Friday, September 30, 2005

THE WAR WITHIN - MUMBAI MIRROR / DEEPA GAHLOT

A Hindi production of Mahesh Dattani's Final Solutions comes to Mumbai

Deepa Gahlot

Final Solutions is one of Mahesh Dattani's best known plays, it has had several productions (including one at Bangalore's Rang Shankara earlier this year), and won the playwright Mahesh Dattani a Sahitya Akademi Award.

His fifth play was eerily prescient, since it was written in 1991 before the Mumbai communal riots. The first production of the play to be directed by Dattani himself in Bangalore, was cancelled due to its volatile content. A little later, when the riots had given it a frightening relevance, Alyque Padamsee did a critically acclaimed production in Mumbai.

The play is about a Hindu family sheltering two Muslim boys during a riot, during the course of which deep seated prejudices are uncovered.

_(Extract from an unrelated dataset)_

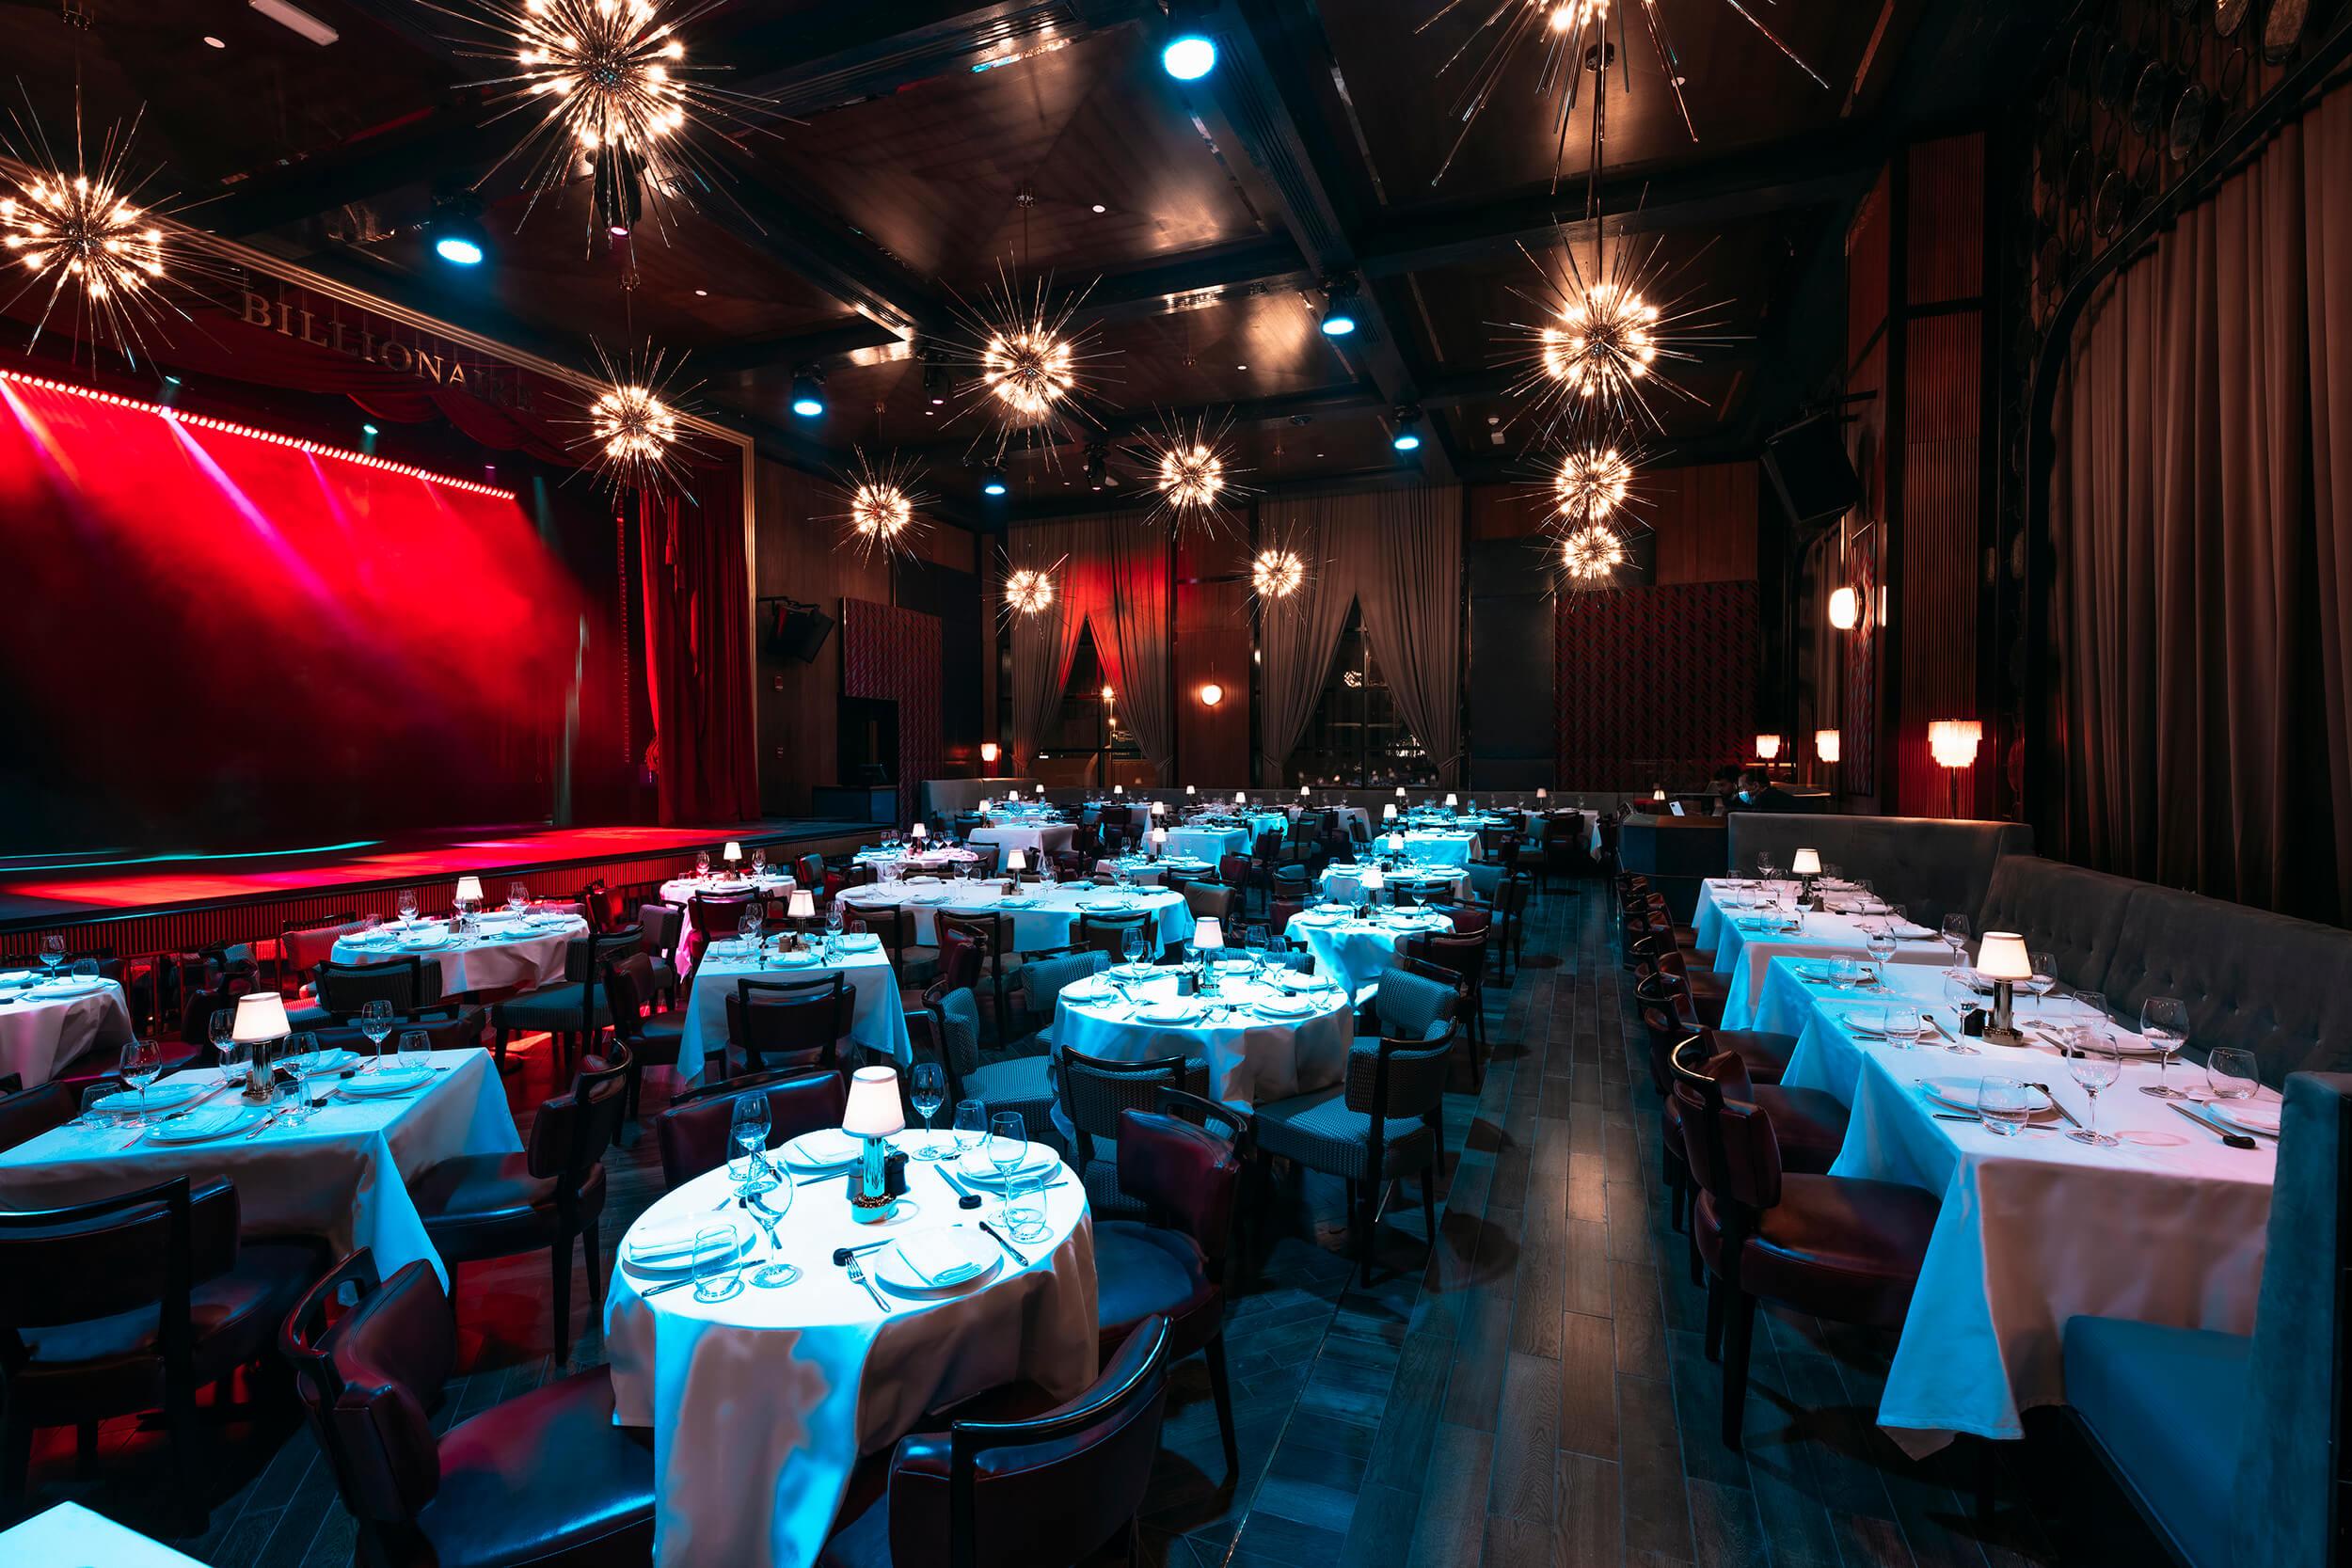 Venue at Billionaire Dubai

Mumbai will see a Hindi version of the play (Shahid Anwar adapted it), directed by Arvind Gaur, at the ongoing National Theatre Festival at Nehru Centre.

Arvind Gaur who heads the Delhi-based theatre group Asmita has done over 48 plays in the 12 years since he set up the group, and most of them have been socially relevant; Girish Karnad's Tuglaq, Dharamveer Bharti's Andha Yug, Dario Fo's An Accidental Death of an Anarchist, Munshi Premchand's Moteram Ka Satyagrah, Ashok Lal's Ek Mamooli Aadmi, Pinki Virani's Bitter Chocolate, Bhishma Sahani's Madhavi, Manjula Padmanbhan' Hidden Fires to name a few.

His latest production, Mr Jinnah was banned in Delhi leading to widespread protests by the theatre community. Final Solutions is still as powerful as when it was first performed-though it has been criticized for being a one-sided portrayal of communalism. The play examines the problem of communalism from the days of Partition to the present, through the eyes of three generations of a Gujarati Hindu family.

Hardika, the grandmother, cannot forget the Partition trauma, the betrayal by a Muslim friend and her father's murder. Her son lives with the guilt that his fortunes were founded on the ashes of a Muslim establishment burnt down by a Hindu mob. Hardika's daughter-in-law is a strict Hindu and the granddaughter cannot think of a relationship with a Muslim boy. The inner turmoil is exposed when two Muslim boys, Babban and Javed, being chased by Hindu rioters seek refuge in their house.

While a verbal and spiritual tug of war goes on, a Chorus comments on the conflicts faced by the characters-a device that helps put the various issues into perspective in the intense and disturbing play.

Gaur says in his Director's Note: " Final Solutions touches us, and the bitter realities of our lives so closely that it becomes a difficult play to handle for the Indian director. The past begins top determine the outlook of the present and thus the earlier contradictions reemerge. No concrete solutions are provided in the play to the problem of communalism but it raises questions on secularism and pseudo secularism. It forces us to look at ourselves in relation to the attitudes that persist in the society. Since it is an experiment in time and space and relates to memory, it is a play, which involves a lot of introspection on the part of the characters in the play and thus induces similar introspection in the viewers."